Ashby map of the damage tolerance of materials. Arrow indicates the combination of toughness and strength potentially accessible to metallic glasses extends beyond the traditional limiting ranges towards levels previously inaccessible to any material. Filled star: data for new metallic glass. X: data for other metallic glasses (three Fe-based glasses, two Zr-based glasses a Ti-based glass and a Pt-based glass). O: data for ductile-phase-reinforced metallic glasses. Yield-strength data shown for oxide glasses and ceramics represent ideal limits. (Credit: Nature Materials/Robert Ritchie.)

If you do a Google search (admittedly not very scientific) for “world’s strongest material” and “world’s toughest material,” among the results graphene and spider silk tend to rank the highest, respectively. If you expand your efforts to search for materials that are both strong and exhibit fracture toughness, you start finding a variety mentioned, including silicon carbide (and several other engineering ceramics),  Ni/Ti alloys (and other engineering metals) and metallic glasses.

Engineering ceramics are hard to beat on the strength scale. They are scratch resistant and difficult to bend. However, they suffer from a tendency to brittleness. Some engineering metals tend to have higher numbers for combination of both strength and fracture toughness than engineering ceramics.
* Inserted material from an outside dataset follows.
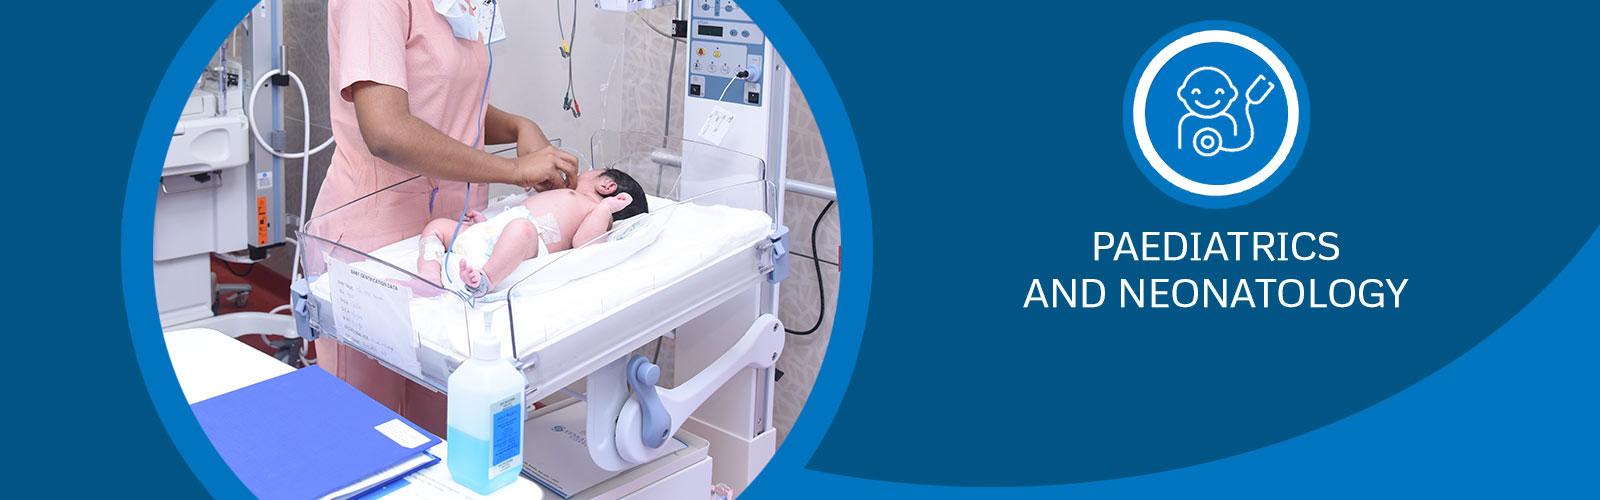 paediatrics cardiology- venkateshwar Hospital
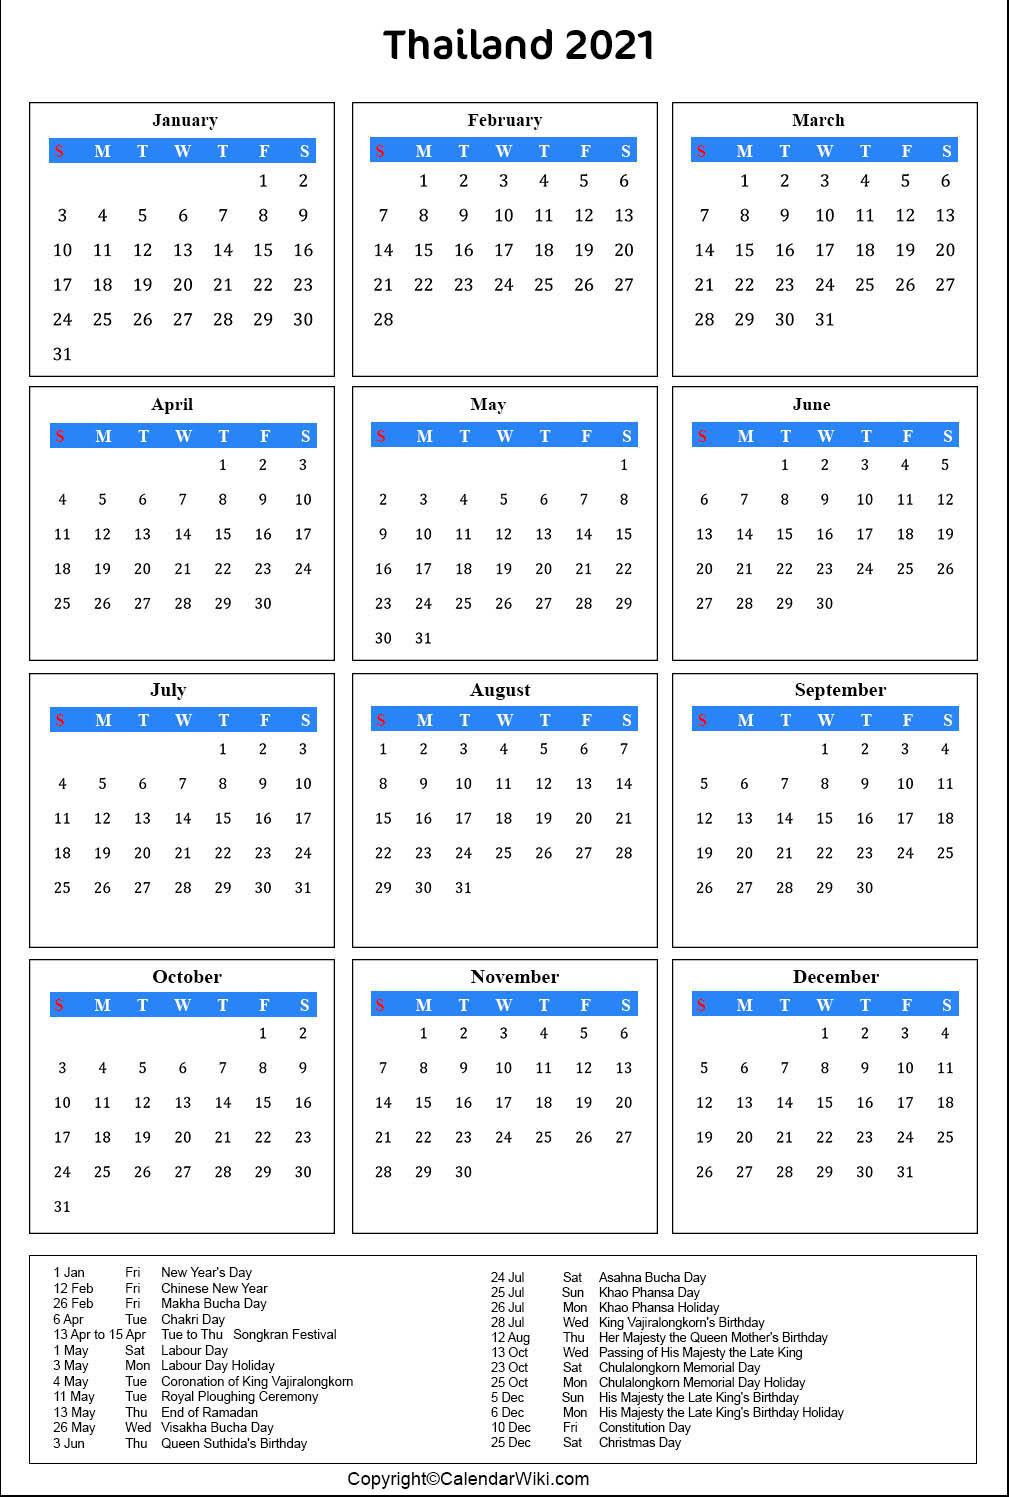 Printable Thailand Calendar 2021 With Holidays [Public-Printable List Of 2021 National Days

However, even these metals’ toughness come with a price: a tendency to malleability.

But now a group of researchers from Caltech, Lawrence Berkeley National Lab and University of California, Berkeley report in a new paper in Nature Materials that they have found a new composition for a highly damage-tolerant  glass — a metallic glass — that is tougher and stronger than Ni and Ti alloys – that apparently make it the toughest, strongest material ever made. Furthermore, their insights suggest even stronger, tougher materials aren’t too far down the road.

The search for materials that suppress fractures while maintaining high strength can be difficult because these two properties are, generally speaking, mutually exclusive. Fracture-tough crystalline materials resist crack expansions because of plastic shielding (think of tiny areas of “shear” bands of the material sliding by each other) ahead of the crack. But, because this shielding doesn’t require much energy, its easy for it to occur, thus decreasing its overall strength.

Conversely, noncrystalline (i.e., amorphous or glass) materials tend to strongly resist the development of openings, but lack the mobile microstructures to employ plastic shielding. So, once an opening does develop, a crack can readily expand to the point of failure (brittleness).

As a result, scientists and engineers are faced with the dilemma of the trade-off between strength and toughness. Previously, metallic glass compositions had been investigated and found to have shear band-forming properties, but under strain a single shear band would often form and grow extensively, resulting in major material failure.

That’s what is so important about this group’s work: They achieve higher strength and higher toughness, successfully dodging the trade-off, by using a composition and process that creates a glass capable of multiple microscale shear bands when subjected to stress.

The important component of this new material is palladium. Researchers leverage the high bulk-to-shear stiffness ratio of palladium. ACerS Fellow Rob Ritchie, a professor at the university and materials scientist at LBL, explains, “Because of the high bulk-to-shear modulus ratio of the palladium containing material, the energy required to form shear bands is much lower than the energy required to turn these shear bands into cracks. The result is that glass undergoes extensive plasticity in response to stress, allowing it to bend rather than crack.”

Ritchie acknowledges that finding this combination is a little counterintuitive. “You know,” he says, “who would have really imagined that we’d find these rare combinations of properties in a glass? It’s neither the strongest material nor the toughest material, but its the combination of toughness and strength, or damage tolerance, that’s key and that goes beyond the benchmark ranges established by the toughest and strongest materials known until now.”

Besides palladium, the glass contains phosphorous, silicon, germanium and silver (Pd79Ag3.5P6Si9.5Ge2). Marios Demetriou, one of the paper’s coauthors, has been able to make rods of the glass with diameters of six millimeters.

The researchers think this is only the beginning. Ritchie tells me that they know “this is a compositional thing, not a structural thing. We are looking at a lot of other compositions. We are fairly certain we didn’t just get lucky with our first composition. We are sure extensive plasticity can be induced in other metallic glasses and that even higher levels of damage resistance are accessible.”

But, don’t look for these materials in applications anytime in the near future. “Right now, these glasses are phenomenally expensive to make, and even so, we can only make them in small quantities. This is going to be an immature field for quite some time, and, as with a lot of potential structural materials, they will probably take decades to perfect and mature.”

Micrograph of deformed notch in palladium-based metallic glass shows extensive plastic shielding of an initially sharp crack. Inset is a magnified view of a shear offset (arrow) developed during plastic sliding before the crack opened. (Credit: Nature Materials/Maximilien Launey.)

Nature has a video of the shear bands/plastic shielding here.

Beside Ritchie and Demetriou, the paper’s authors include Maximelien Launey, Glenn Garrett, Joseph Schramm, Douglas Hoffman and William Johnson (who has been long associated with metallic glasses).